Popular version of paper 3aAB7, “Construction noise impact on wild birds”
Presented Tuesday morning, May 25, 2016, 10:20, Salon I
171st ASA Meeting, Salt Lake City



Almost all bird species use acoustic signals to communicate or recognize biological signals – to mate, to detect the sounds of predators and/or prey, to perform mate selection, to defend their territory, and to perform social activities. Noise generated from human activities (in particular by infrastructure and construction sites) has a strong impact on the physiology and behaviour of birds. In this work, a quantitative method for evaluating the impact of noise on wild birds is proposed. The method combines the results of previous studies that considered the effect of noise on birds and involved noise mapping evaluations. A forecast noise simulation was used to generate maps of (1) masking-annoyance areas and (2) potential density variation.

An example of application of the masking-annoyance areas method is shown in Figure 1. If a bird is in the Zone 1 (in purple), traffic noise and construction noise can potentially result in hearing loss and threshold shift. A temporary elevation of the bird’s hearing threshold and a masking of important communication signals can occur in the Zone 2 (in red). Zone 3 (in orange), 4 (in yellow) and 5 (in light green) are characterized by a high, medium and low level of signal masking, respectively. Once the level of noise generated by human activities falls below ambient noise levels in the critical frequencies for communication (2–8 kHz), masking of communication signals is no longer an issue. However, low-frequency noise, such as the rumble of a truck, may still potentially cause other behavioural and/or physiological effects (Zone 6, in green). No effects of any kind occur on the birds in Zone 7 (in dark green). The roles for Zone definition are based on the results of Dooling and Popper. [1]


Figure 1 Mapping of the interaction areas of noise effect on birds within the 7 zones for a project without (a) and with mitigations (b).

Figure 1 Mapping of the interaction areas of noise effect on birds within the 7 zones for a project without (a) and with mitigations (b).

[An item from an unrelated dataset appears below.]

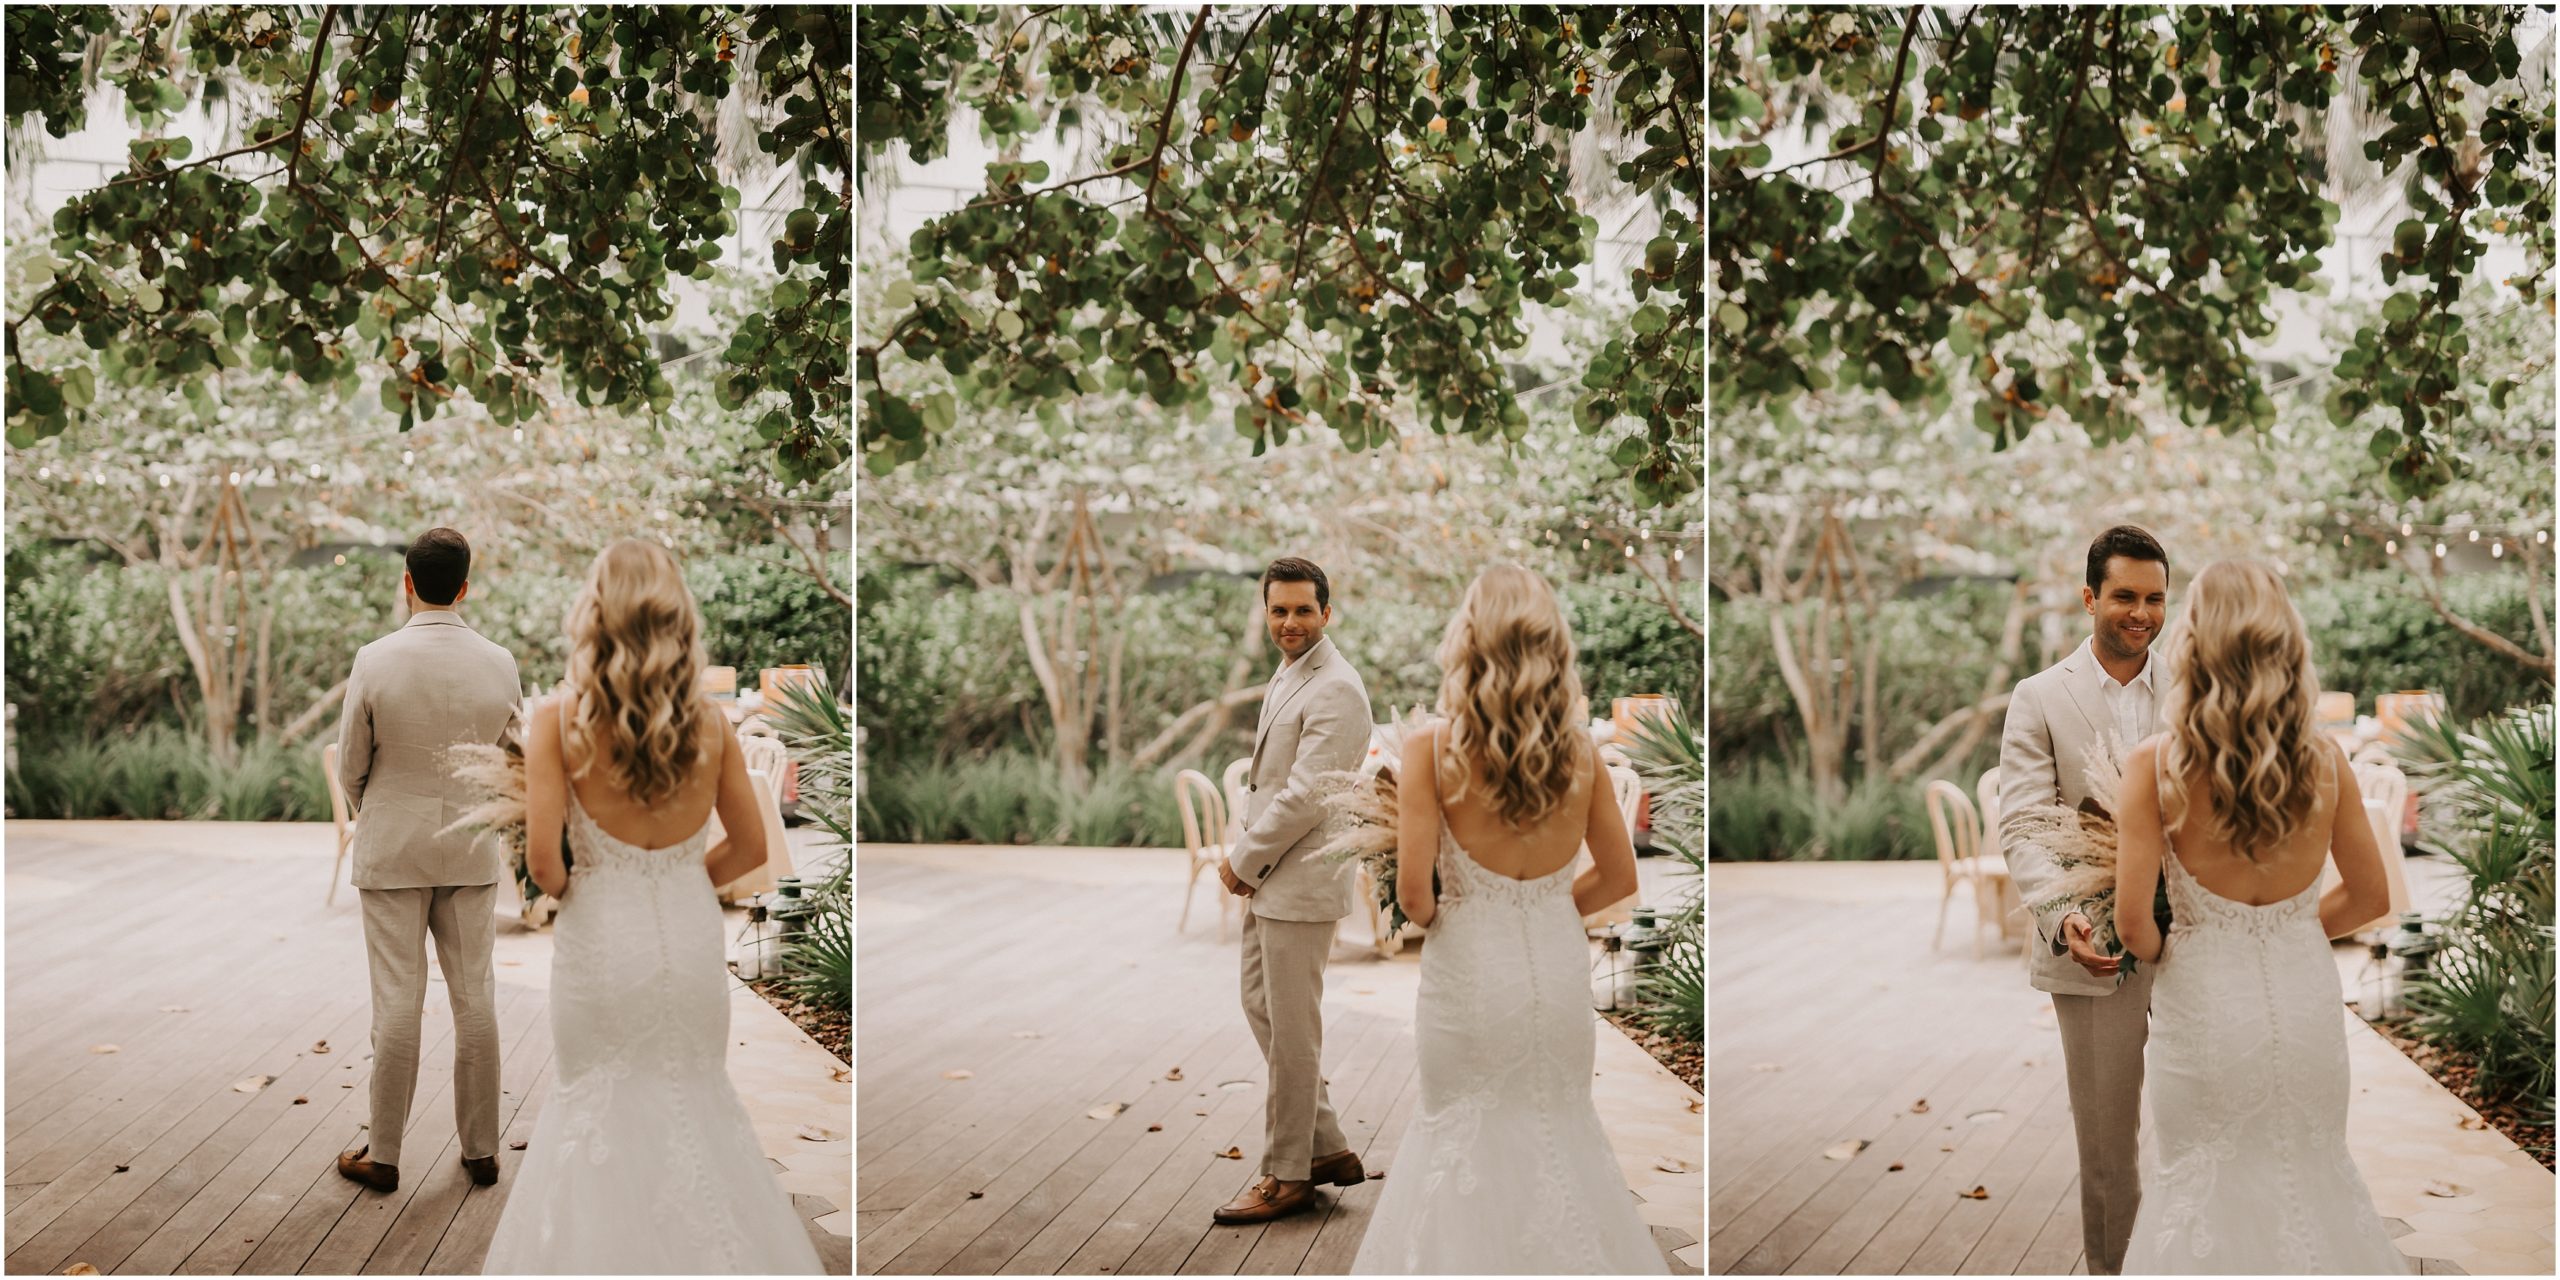 A private first look can be so special. Jade & Corey chose to do a first look with each other before the ceremony. Despite being there with my hubby, this couple felt and acted as if they were the only ones.

Waterman et al. [2] and Reijnem et al. [3-4-5] proposed a trend of the potential variation in birds density in relationship with the noise levels present in the area. This trend shows no effect on density when the noise levels are lower than 45 dB(A), while there is a rapid decrease (with a quadratic shape) for higher levels. An example of the potential decrease in bird density for a project with and without mitigations is shown in Figure 2. The blue areas are the areas where the birds’ density is not influenced by the noise, while the red ones are the areas from where the birds are leaving because the noise levels are too high.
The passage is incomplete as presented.